Пацанчик пожал протянутую руку, но имени своего называть не спешил. Он вообще был какой-то зашуганный. Не приняли его, что ли, в другой группе, вот и драпанул к соседям? Всякое бывает. Новеньких и у нас в школе любят потравить.
– Я Володя, – выдал он спустя полминуты. – Ты куда-то собираешься?
– В лес идем.
– А это у тебя что? – Он кивнул на мой свёрток. Мне на секунду стало даже не по себе: что это все так интересуются моим свертком?!
– Так, деталь одна для отцовой машины… А хочешь, с нами пойдём? В лес, а? Скажи, из какой ты группы, я договорюсь?
– Не… – Пацан встал и направился к выходу. – Я пойду лучше, ты собирайся.
– Как хочешь. Ну заходи тогда.
– Ага. Если что, я тут, по соседству.
– Да в какой ты группе-то?
– Рядом. Мы скоро увидимся. Только деталь свою здесь оставишь, и увидимся. – Он быстро вышел, а я так и стоял со штанами Кита в руках, соображая, что это было. Парень из местных, что ли? Похоже, если номер группы не назвал. А чего хотел? Ненормальный какой-то.

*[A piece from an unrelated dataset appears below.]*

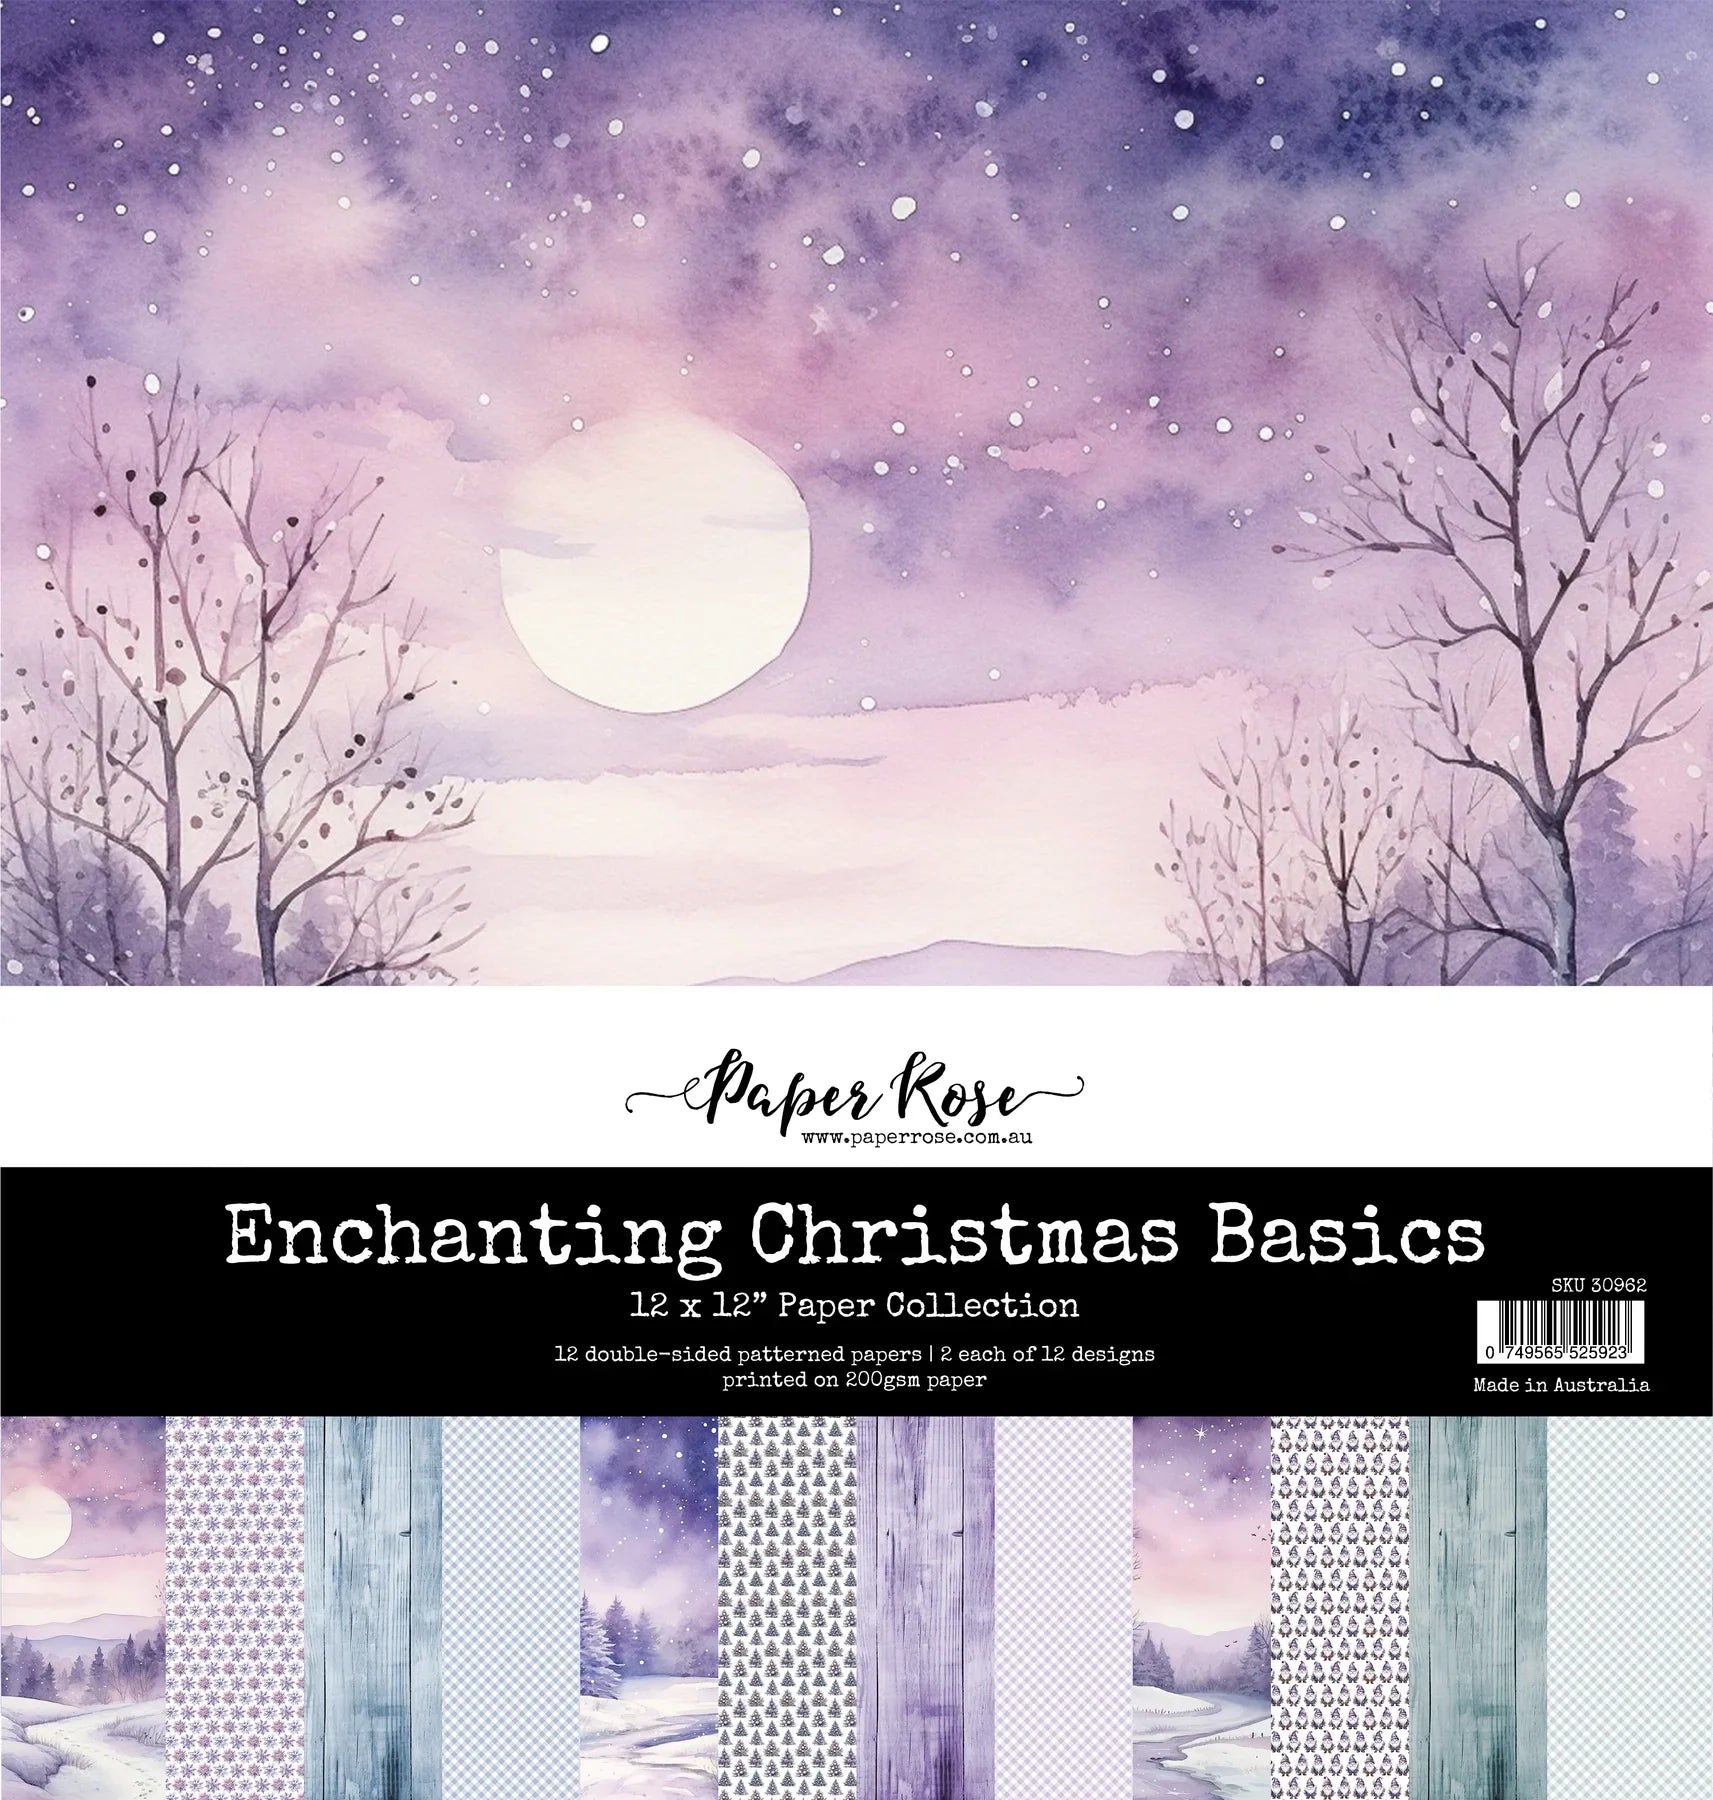 Enchanting Christmas Basics 12x12 Paper Collection
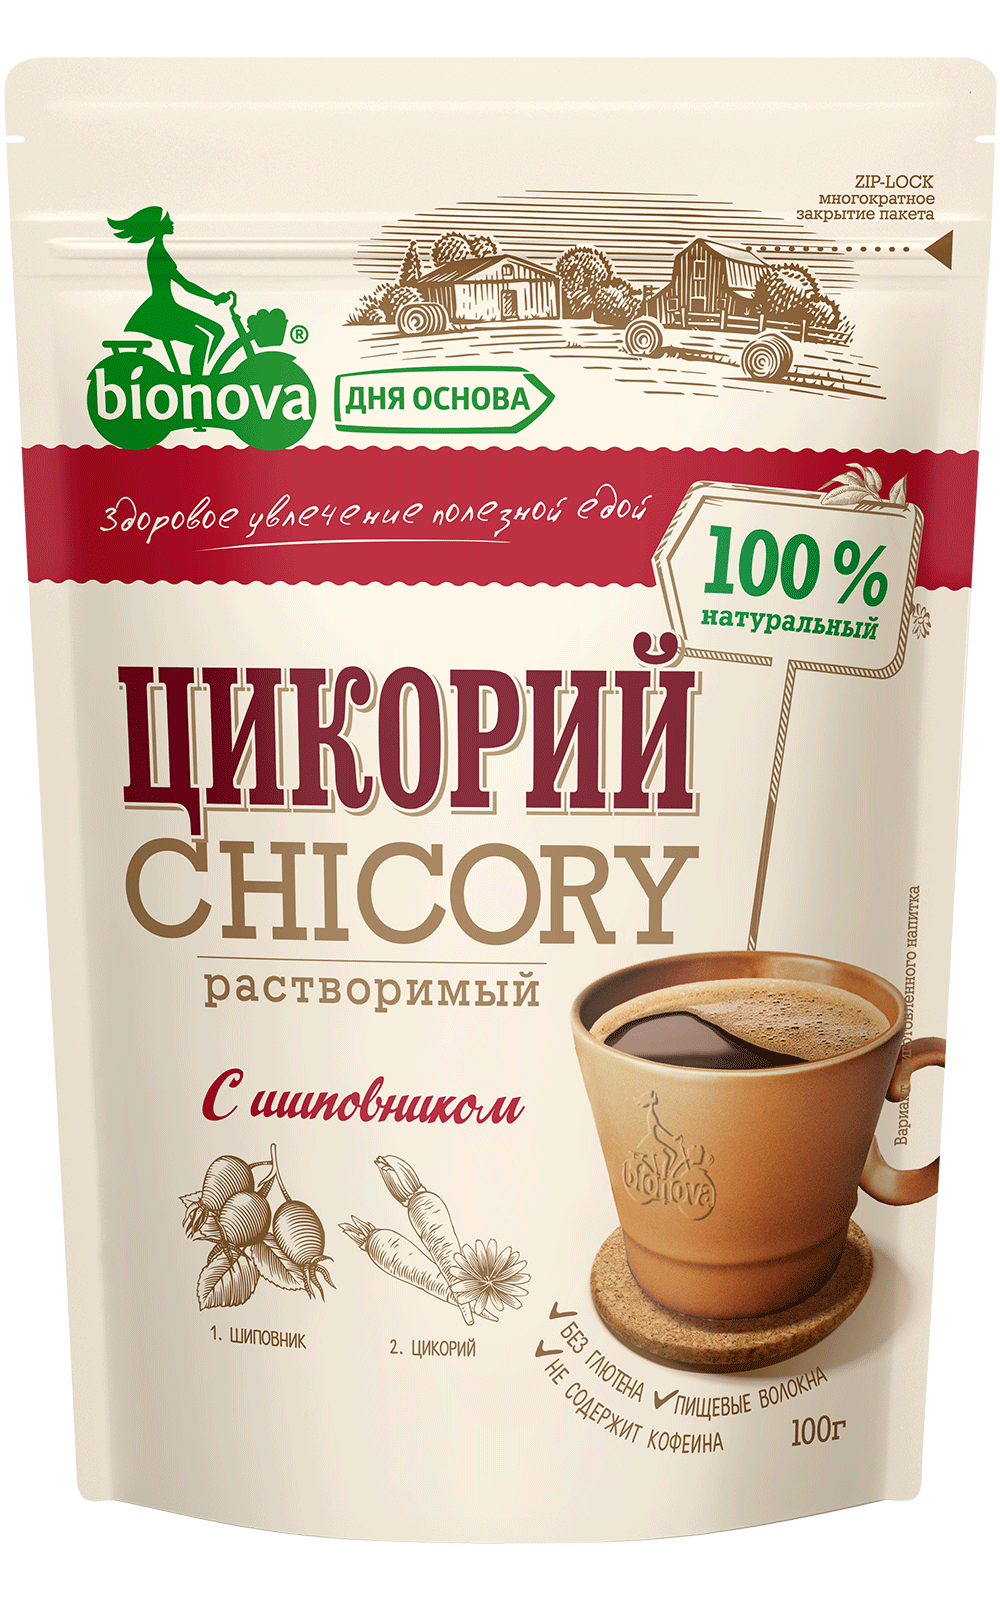 Soluble сhicory Bionova® with rosehip extract 100g

Тогда я, наконец, оделся и повертел в руках пакет с куклой: брать с собой, не брать? Да ну, в лесу ещё потеряю… Звери сожрут. Уже тумбочку открыл, хотел сунуть свёрток туда, но в последний момент меня что-то остановило. Вот как будто за руку взяли: «Не клади». Тогда я сунул куклу в карман штанов и пошёл.
Лёха поймал меня на выходе:
– Ты с нами, пациент? Смотри, не теряйся. Я уже позвонил твоему отцу, он дал добро. В палате есть кто ещё?
Я помотал головой и побежал к своим. Нелегко даётся Лёхе этот поход! Интересно, он всем родителям звонил или только моему? Лёха между тем пересчитал всех по головам (спасибо, хоть парами не построил), поскандалил с кем-то из опоздавших девчонок и наконец сказал, что можно идти. Сам он пристроился в хвосте (впереди шла Лена), и я чувствовал его взгляд у себя на затылке. Иногда я даже оборачивался и встречался с ним глазами. «Шаг в сторону – расстрел при попытке к бегству», – вот что читалось в его взгляде.
Сашка всю дорогу расспрашивал меня про больницу и хвастался, что сам ни разу туда не попадал. Кит цыкал на него и делился новостями из дома (кто из наших одноклассников куда поехал и как там вообще). Я сам не заметил, как мы дошли до леса.
Позади виднелись раскрашенные таунхаусы, крыша больничного корпуса и ещё малюсенький кусочек лагерного забора. Лёха вышел вперёд и выдал нам суперкраткий курс молодого туриста:
– Шаг в сторону – билет домой. Вопросы есть?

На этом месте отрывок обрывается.